What is the difference between a digital signature and an electronic signature?

An electronic signature is a broad concept that includes any electronic means of approval, such as typing a name or clicking an “I agree” button. A digital signature, on the other hand, is a specific type that relies on key-based cryptography and provides authentication and content integrity mathematically. Every digital signature is an electronic signature, but the reverse is not true.

Can a digital signature be forged?

Practically no, as long as the private key is kept secret. Forging the signature requires possessing the private key or solving a mathematical problem whose solution would take longer than the lifetime of current computing systems. The only realistic risk is the leakage of the private key, which is why keys are stored with great care.

What is the relationship between the digital signature and the cryptographic stamp?

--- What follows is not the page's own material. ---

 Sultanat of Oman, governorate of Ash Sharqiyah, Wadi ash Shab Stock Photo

The cryptographic stamp is the actual application of the digital signature inside the e-invoice according to ZATCA’s specifications. The digital signature is the general cryptographic principle, and the cryptographic stamp is the output that appears in the invoice and the QR code.

Do I need to understand cryptography to issue a signed invoice?

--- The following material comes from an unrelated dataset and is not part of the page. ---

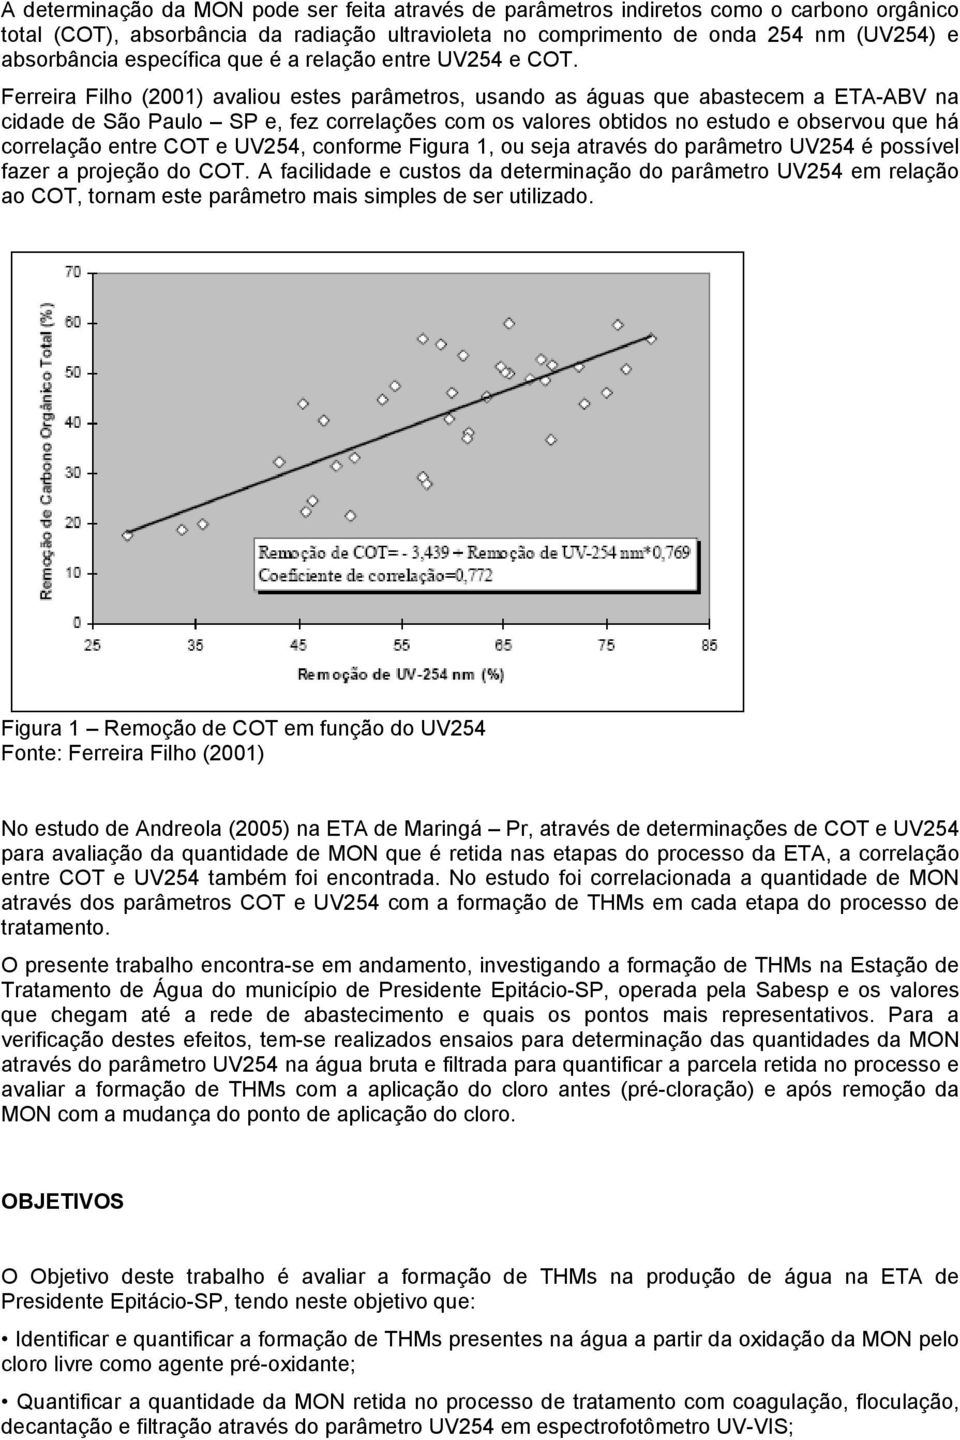 Ferreira Filho (2001) avaliou estes parâmetros, usando as águas que abastecem a ETA-ABV na cidade de São Paulo SP e, fez correlações com os valores obtidos no estudo e observou que há correlação

No. A compliant accounting system like Qoyod handles all cryptographic operations automatically behind the scenes. You only enter the invoice data, and the system handles the signing, generating the QR code, and sending it to the Fatoora platform.

Which signing algorithm is used in Saudi e-invoicing?

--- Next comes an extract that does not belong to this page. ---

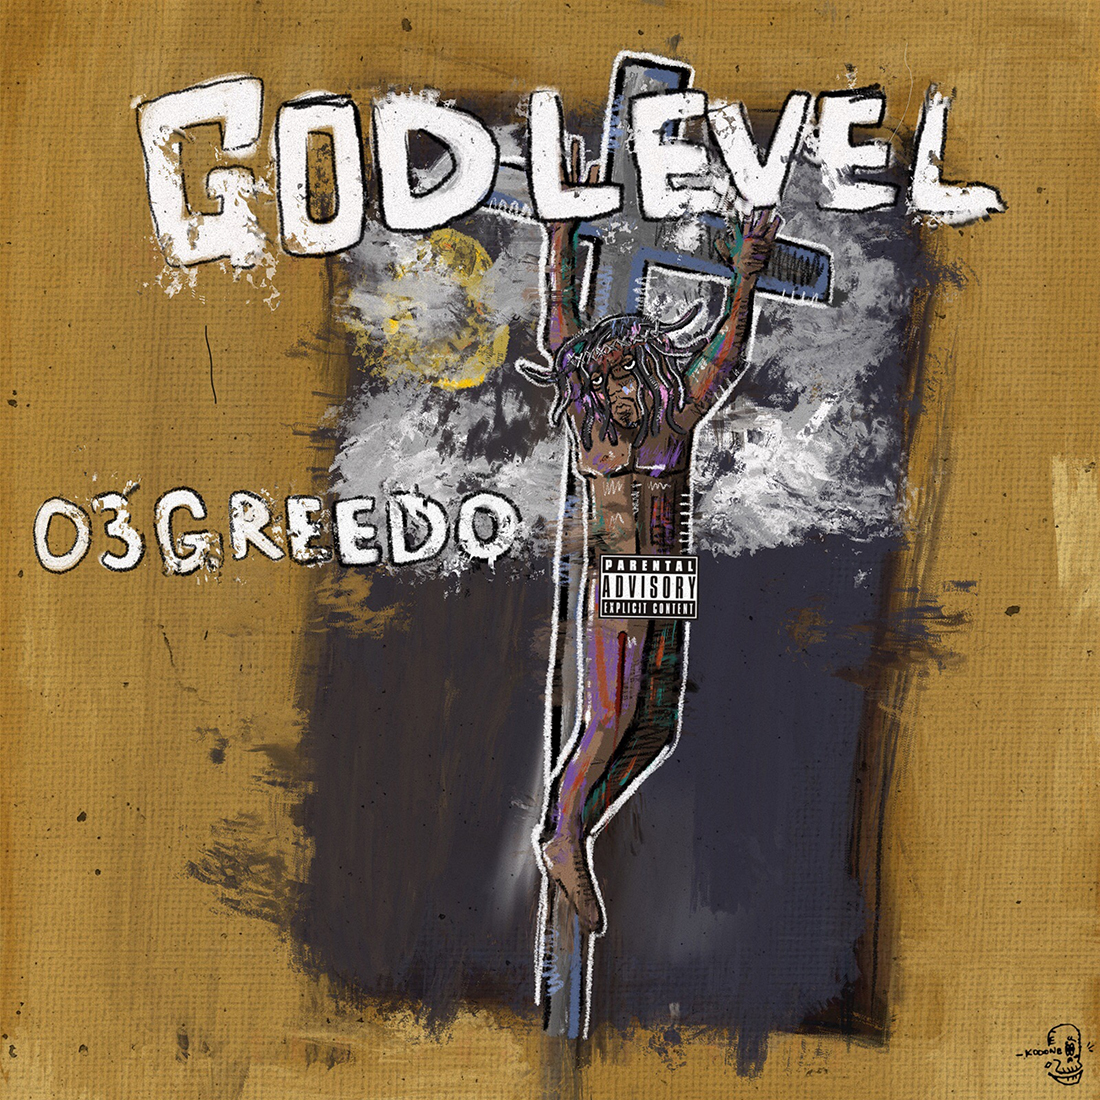 god level 03 greedo art

Saudi e-invoicing relies on the ECDSA signing algorithm based on elliptic curves, together with the SHA-256 hash function to compute the invoice fingerprint. These algorithms provide high security with processing efficiency suitable for signing large numbers of invoices.

Where is the establishment’s private key stored?

The private key is kept in a secure environment it never leaves, and it is never sent with the invoice. What is sent with the invoice is only the signature and the public key. Accredited accounting systems handle storing and managing the key securely on behalf of the establishment.